• Trajenta®
demonstrated a similar long-term cardiovascular and kidney safety
profile compared to placebo in adults with type 2 diabetes1
• The results of CARMELINA® were presented at the 54th EASD Annual Meeting today
INGELHEIM, Germany & INDIANAPOLIS, US-Thursday 4 October 2018 [ AETOS Wire ]
(BUSINESS
WIRE)-- Boehringer Ingelheim and Eli Lilly and Company (NYSE: LLY)
today presented the full results of the long-term cardiovascular outcome
trial, CARMELINA®, which studied the impact of Trajenta® (linagliptin)

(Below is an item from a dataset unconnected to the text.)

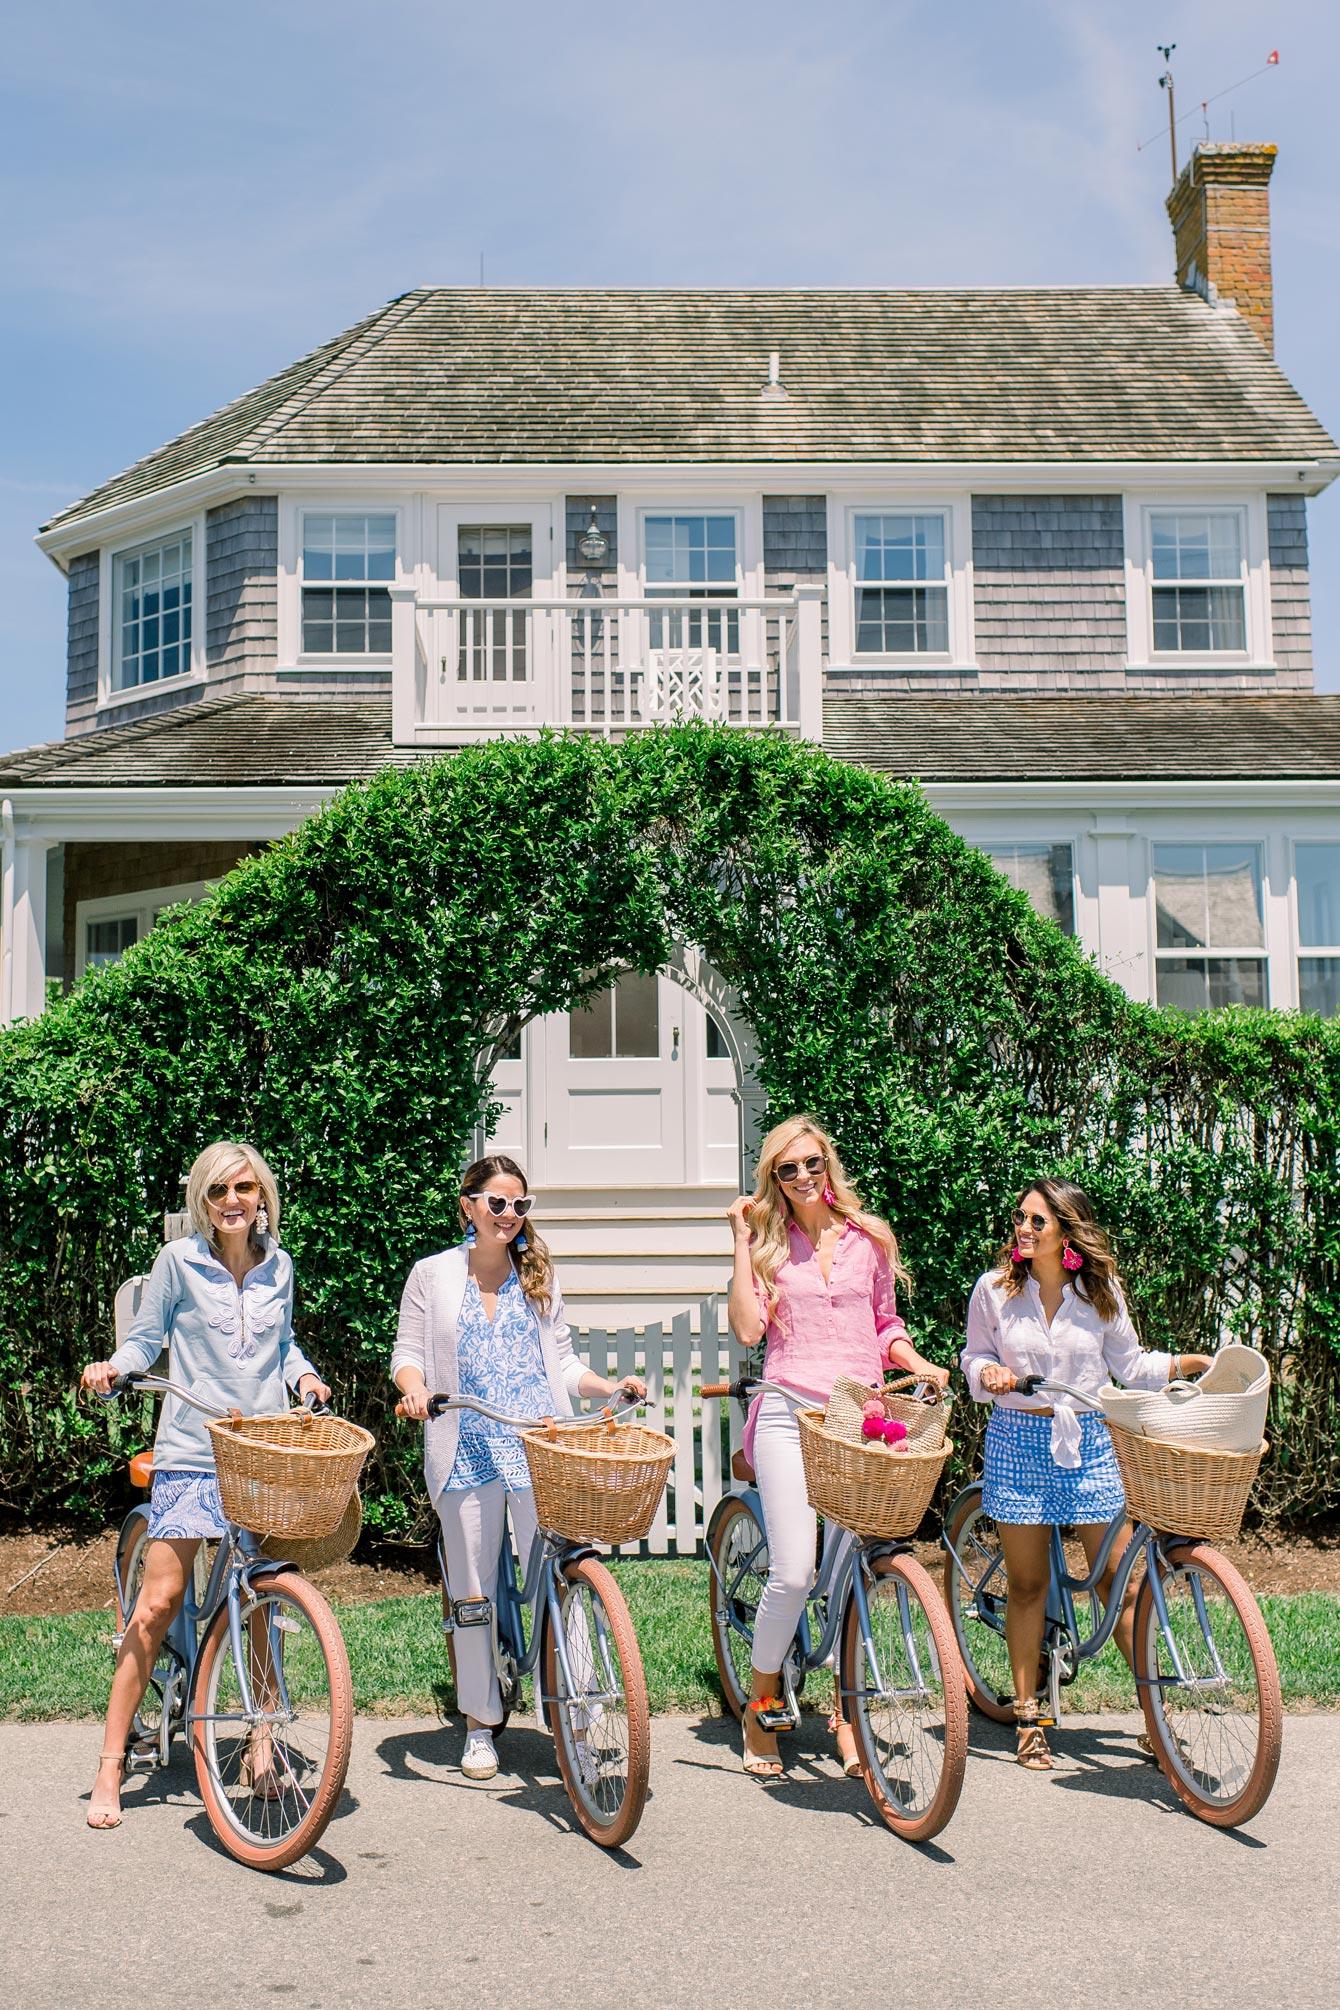 White Elephant Nantucket Bicycles

on cardiovascular and kidney safety in adults with type 2 diabetes at
high risk for heart and/or kidney disease.1,2 The study met its primary
endpoint,* with linagliptin demonstrating a similar cardiovascular
safety profile compared to placebo when added to standard of care.1
CARMELINA® also included a key secondary composite endpoint,† showing a
similar kidney safety profile compared to placebo.1
The
overall safety profile of linagliptin in CARMELINA® was consistent with
previous data and no new safety signals were observed.1 CARMELINA® also
showed a similar rate of hospitalisation for heart failure for
linagliptin compared to placebo.1
The
full results were presented at the 54th European Association for the
Study of Diabetes (EASD) Annual Meeting in Berlin, Germany.
“Heart
disease is a major complication and the leading cause of death for
people living with type 2 diabetes. CARMELINA® adds important new
evidence for type 2 diabetes patients at high risk of heart and/or
kidney disease, a population that has been underrepresented in other
cardiovascular outcome trials, but whom we see in our daily practice.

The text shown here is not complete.